I remember the feeling inside me when I first read about BAN, what it was about and that there was a support group in the place I lived. Not only had my husband left me, but he had betrayed me and the pain, hurt and sadness was in reality, unbearable. I was so anxious to be able to attend a BAN support group. Knowing you are not alone and you are not insane and it is okay to feel what you are feeling really does give you permission to grieve your loss. In all this confusion to know that all you are experiencing is "normal" is such a relief! It is amazing that we all have different stories, yet the common denominator is we all feel the same pain and are able to talk openly knowing each and everyone of us understands exactly what the other is going through. Having a man in the group is inspiring as you learn that they have all the same feelings and emotions, but are not as able to express them quite the same as a woman. BAN, for me, has been a major support, as well as informative and comforting.
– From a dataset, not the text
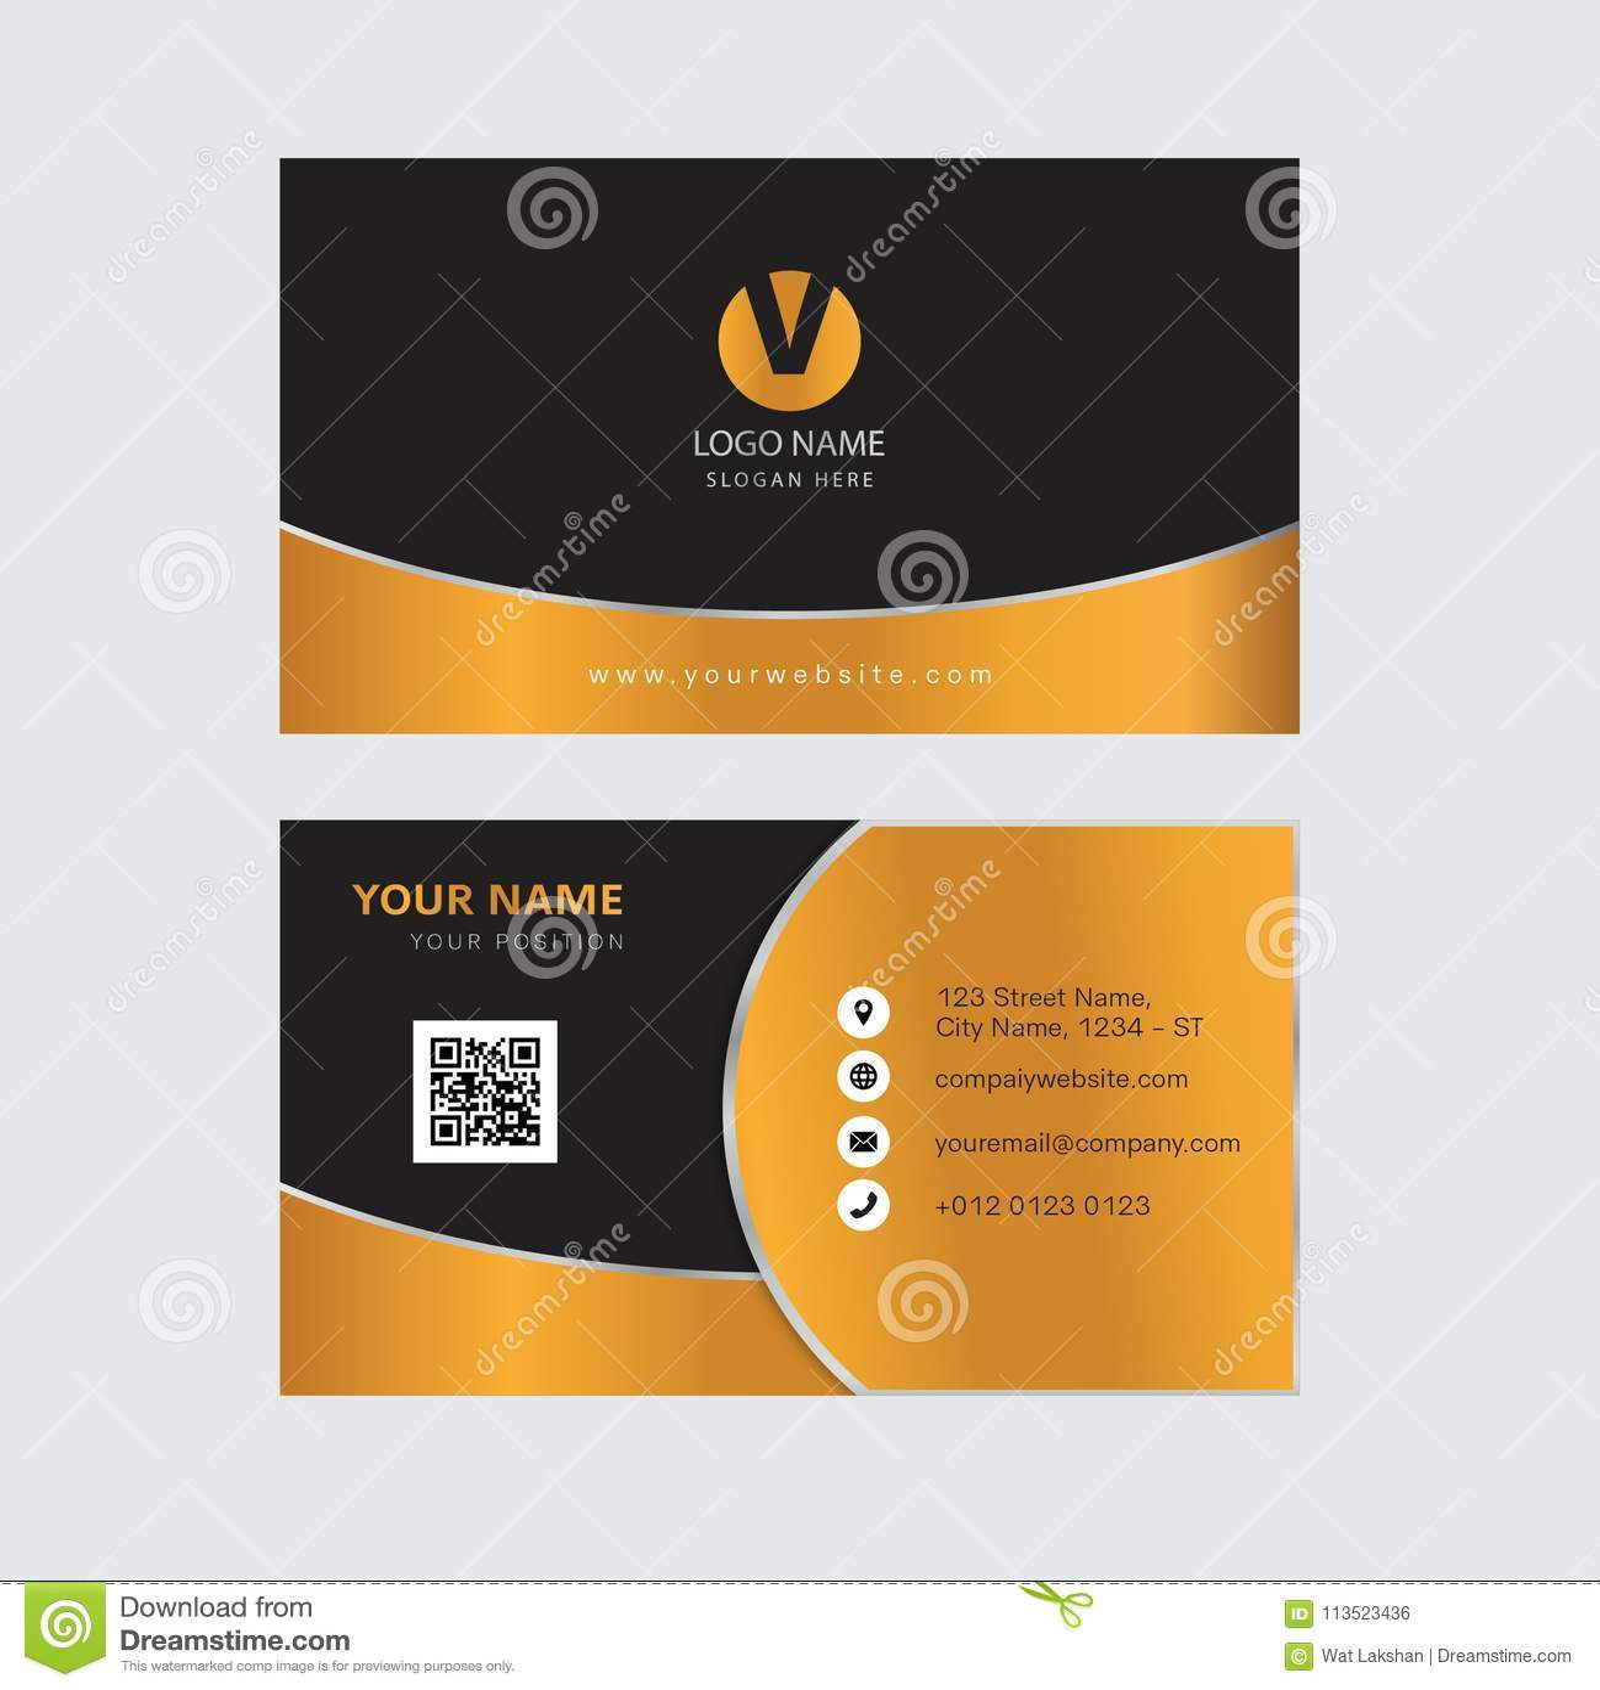 Creative gold color business card design stock vector illustration download creative gold color business card design stock vector illustration of illustration backdrop reheart Images

There is so much care and concern for each of us by the others in the group because we have all been there or are still there. BAN is a safe place and you can cry and even laugh and it feels okay. We truly do receive help for ourselves as well as give help to others.
I left the BAN meeting with so much going thru my mind. I did so much process and pondering that night. It gave me a little more sense of peace than when I first entered that first meeting. I was actually in the presence of others who knew exactly how I felt. I felt no shame or embarrassment when sharing my story. I was with people who knew all the emotions that have been stirring in my heart, body and soul. This is the comfort of the BAN Group. I am thankful to have found BAN and others who take the time to offer me the support I need at this time.
For many long, lonely years I kept the secret of my pain. A chance reading of an article about BAN in our local newspaper brought me to a meeting. Finding BAN, talking and sharing with others, marked the beginning of my healing. My pain was out of the closet and into the light. One of the most helpful aspects of BAN was listening to others' stories. It helped me to see that the pain and shame I felt were not unusual. Being in a group like this helped me to sort through the myths and misconceptions about adultery. It has been a wonderful sharing and learning experience. I do not think I could have come so far without this group experience.
I find it hard to talk about what happened with most people. I have VERY few people I can share this with. My parents and a few close friends know what happened and I am grateful for their support. Although for me the comfort is greater when the person has experienced the same or similar shock and betrayal, like the others in BAN. I never thought I would try to work through a situation like this. I always thought that I would leave a marriage if my husband had an affair. Those were all thoughts before I even met my husband because after meeting him I never thought he would have an affair. Yet here I am giving it every ounce of my being trying to build up this marriage.